Some of the strategies used to manage the above listed risks by coffee farmers include intercropping, shifting or modifying the environment, selling assets, sharecropping, borrowing money from various institutions, uprooting the more risky coffee trees and replacing them by other less risky trees.

Uprooting is often practiced by coffee farmers when income earned from one crop reduces it is often replaced by less risky crops. But this is practiced less in areas of Jimma and Limmu.

Another often employed strategy by farmers to manage market and production shocks are intercropping, a traditional cropping systems used to diversify and increase crop production per unit area of land. Now more and more households in coffee growing areas have begun to plant other crops along with coffee to minimize their exposure to risks that accompany volatilities in the international market price and natural calamities.
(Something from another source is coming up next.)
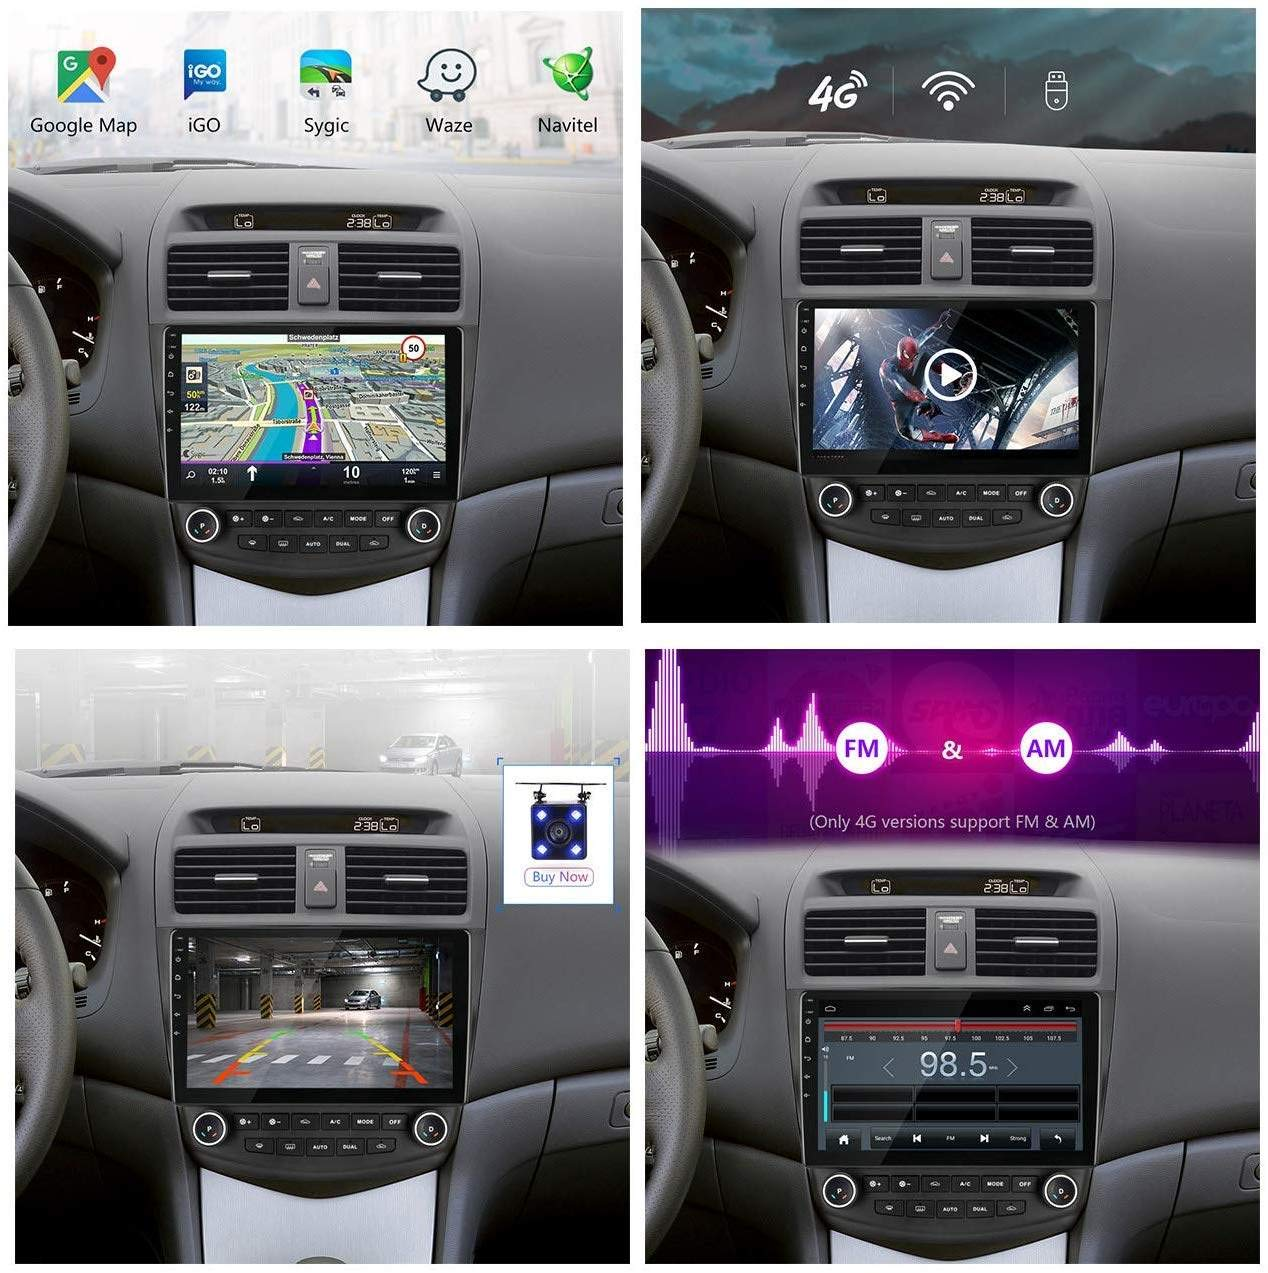 GLFDYC Android 8.1 GPS Navigation Stereo Radio 10 1080P Pantalla T/áctil Completa Reproductor Multimedia Control Volante Hands-Free Calls SWC USB,4Cores:4G+WiFi1G+16G para Honda Accord 7 2005-2008

The rationale behind intercropping is that if one crop fails the other would keep the household running at least partially.
For instance, in Hararge zones coffee is often planted along with cereals, fruit trees and vegetables as a source of food. This is because the climatic conditions of coffee growing regions are also compatible to growing of cereals, fruit trees and vegetable crops.

Co-operative societies are often cited as the best way to improve the small land holder profitability. They provide farmers with improved market access, better input as well as extension services, and a route to achieve sustainable standards. Also, they play an effective role in supporting coffee farmers by providing accurate price information, inputs and capital infusion and transportation services that many small coffee farmers lack. The member farmers are also paid a fair price for their produce.

Kerchanshe Trading PLC as a company see the value behind providing assistance to the producers in managing risk at each and every stage which would ultimately reflect on the quality of coffee that we provide. The assistance are provided through our NGO, the Buna Qela Charity Organisation under the outreach program the ‘Out Grower Scheme’.

Conclusion

Occurrences of risk is often dynamic and hence its management should be an ongoing process. Rather than focusing on one specific risk it would be advisable to focus on a holistic risk management strategy. There are no ready-made solutions available rather solutions should be tailor made, unique and reflective of the existing market and other conditions.

Success in raising farmer incomes and bringing in investment into the coffee sector, is significantly dependent not merely existing environment in the coffee sector but also on the availability of alternatives in opportunities that may be more inviting and this requires a collective effort from all stakeholders.